Here it goes.
I'm here.
Post #365.
Finally.
After five and a half years of blogging, it's time to put Teenagers These Days into retirement. At 10:00 Mountain Standard Time on November 10, 1996, as I type this post, the Earth will have completed twenty rotations around the sun since the hour I was born. It's 9:57. I'm going to lean back and watch the clock for a few minutes.
There.
I'm officially an ex-teenager.
That's how I've defined myself for almost six years. I've spent the day fielding congratulations and comments about "not being a teenager" anymore. But you know what? It's okay. Those years are still inside me.
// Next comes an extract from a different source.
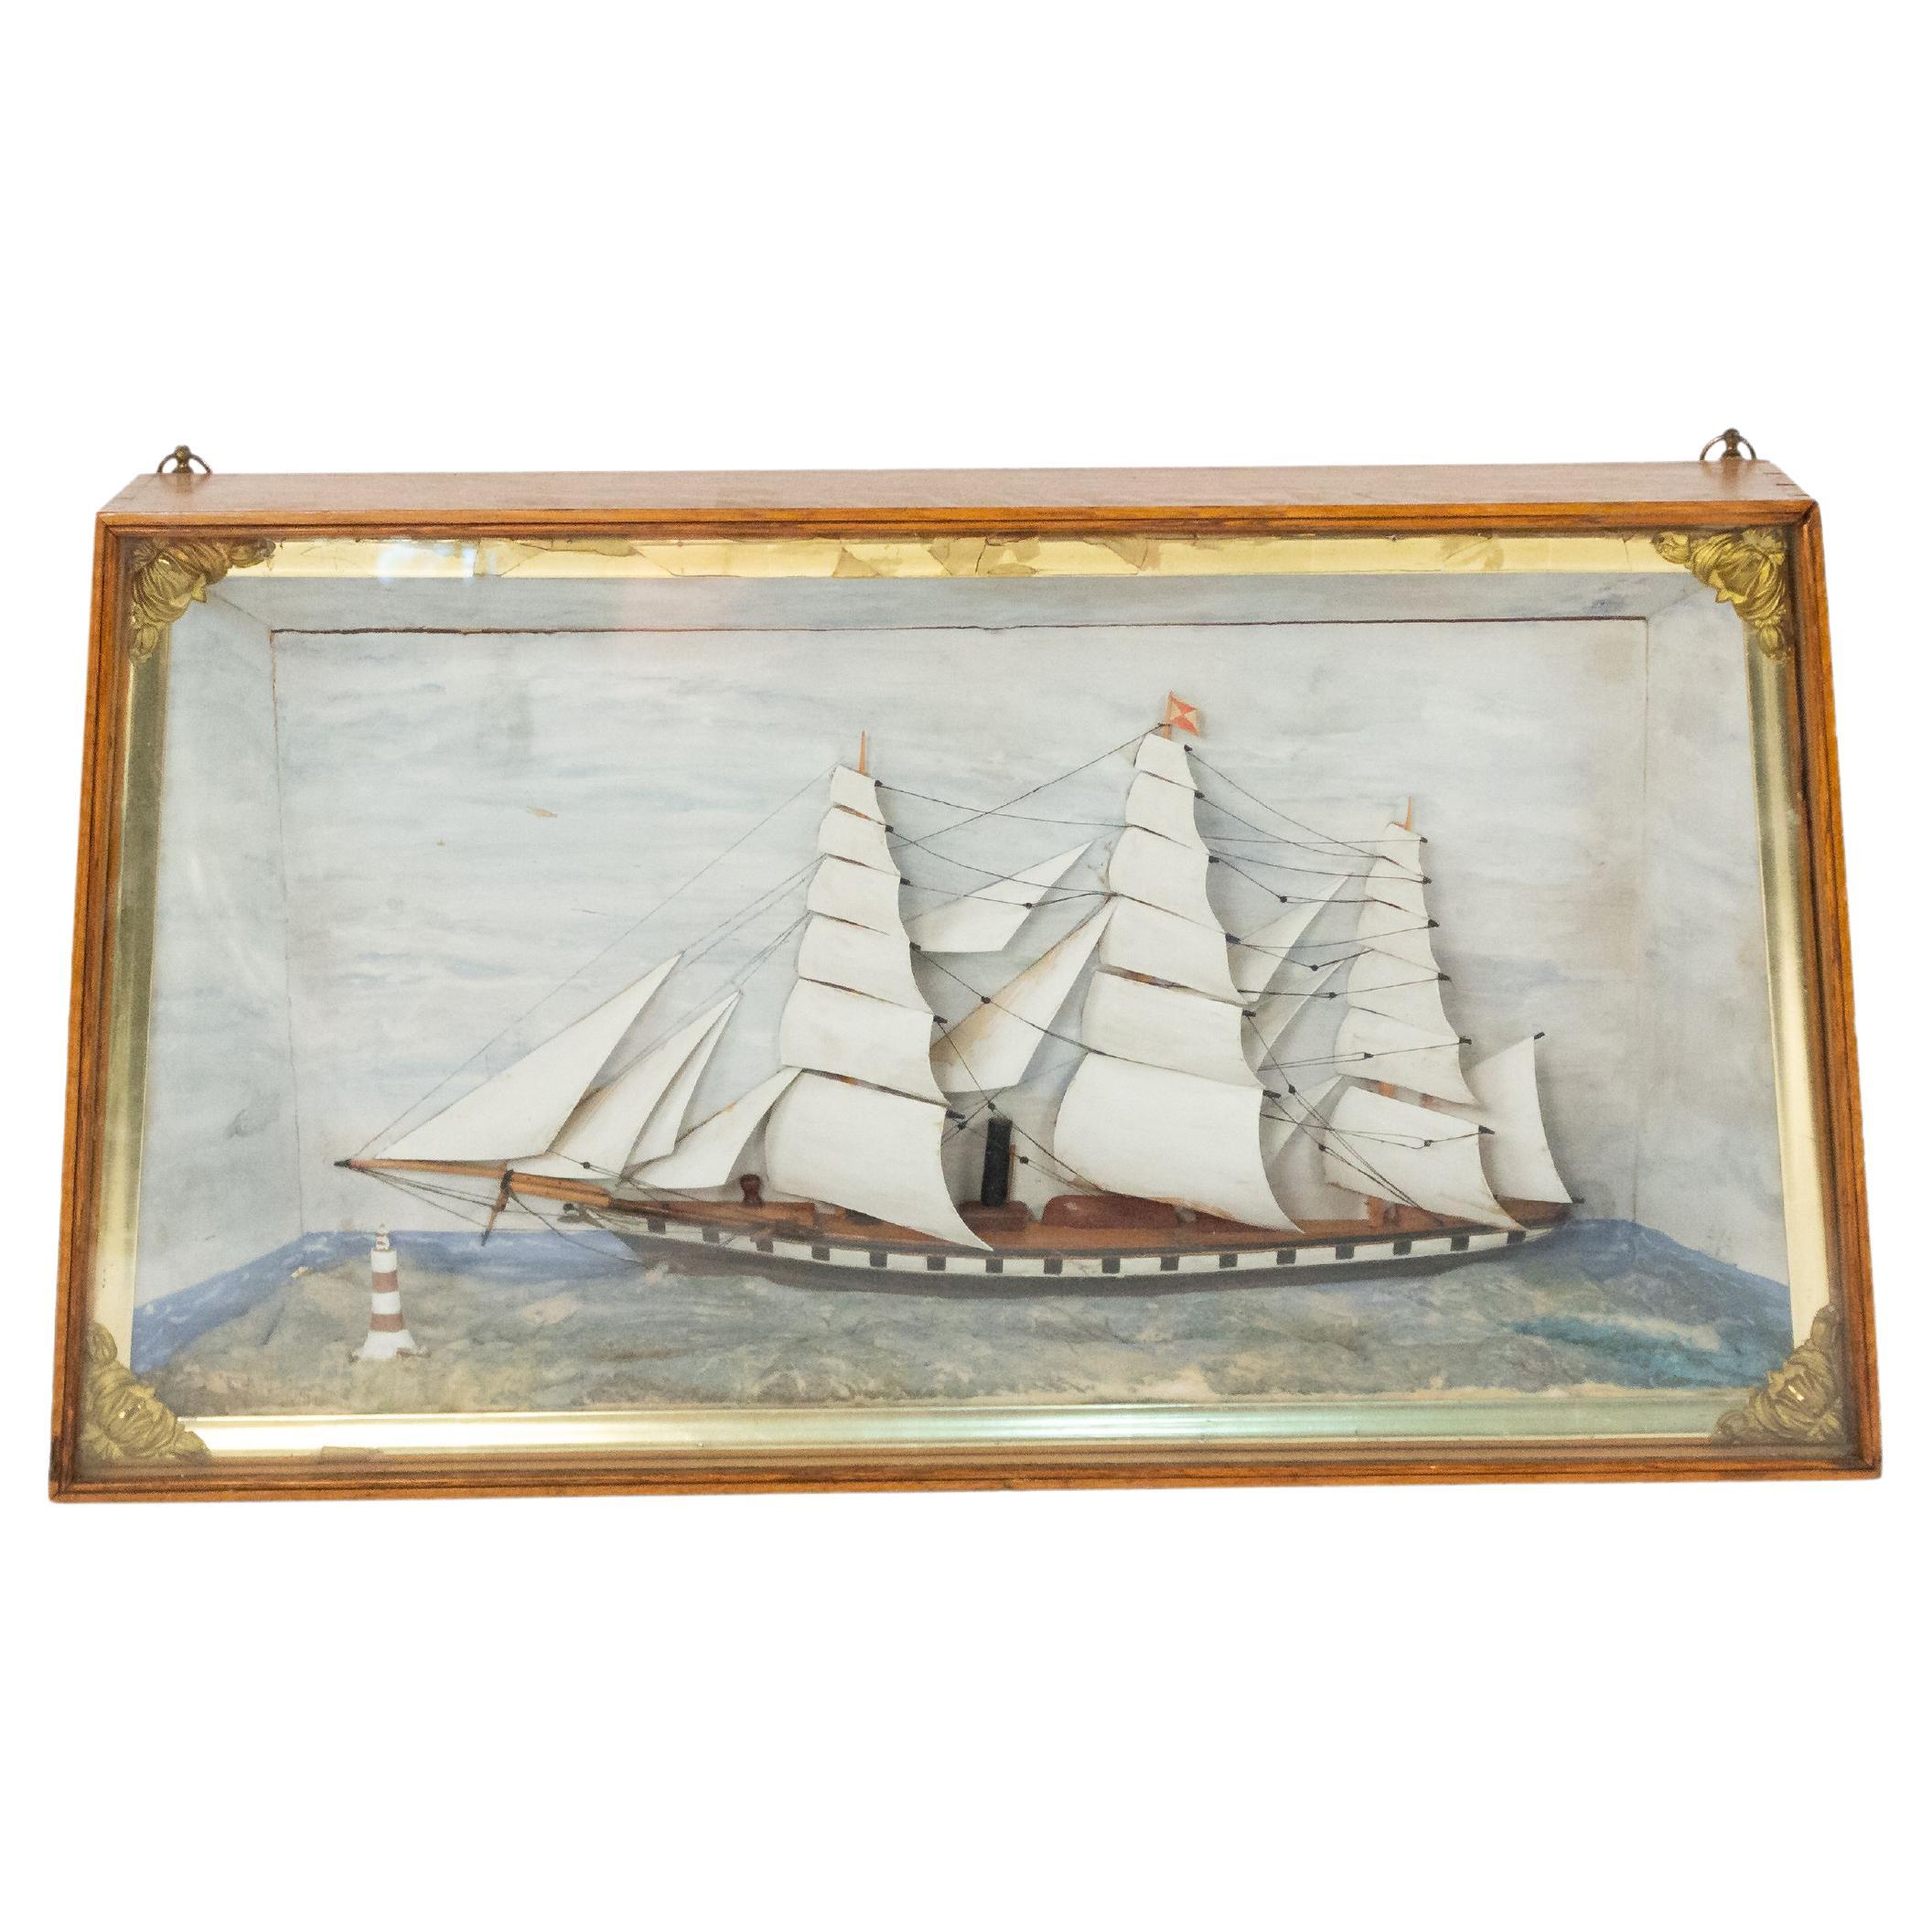 Victorian English Nautical Diorama Ship Wall Plaque

I created this blog at age fourteen and thought of retiring it at sixteen, eighteen, and my high school graduation. Now the time has finally come to hang up my hat. I can't run a teen blog if I don't have teen at the end of my age anymore. I've loved this blog so much, I chose it as one of my topics for an adolescent autobiography assignment in my human development class last month. I took human development because I've spent years researching, thinking, and writing about what makes teenagers special and distinct from older and younger people. I'd been looking forward to that assignment since the first day of class. I didn't do so well on our first paper of the term, but I thought that if I could do anything well, it's writing about my own teen experiences. After all, I have years of practice.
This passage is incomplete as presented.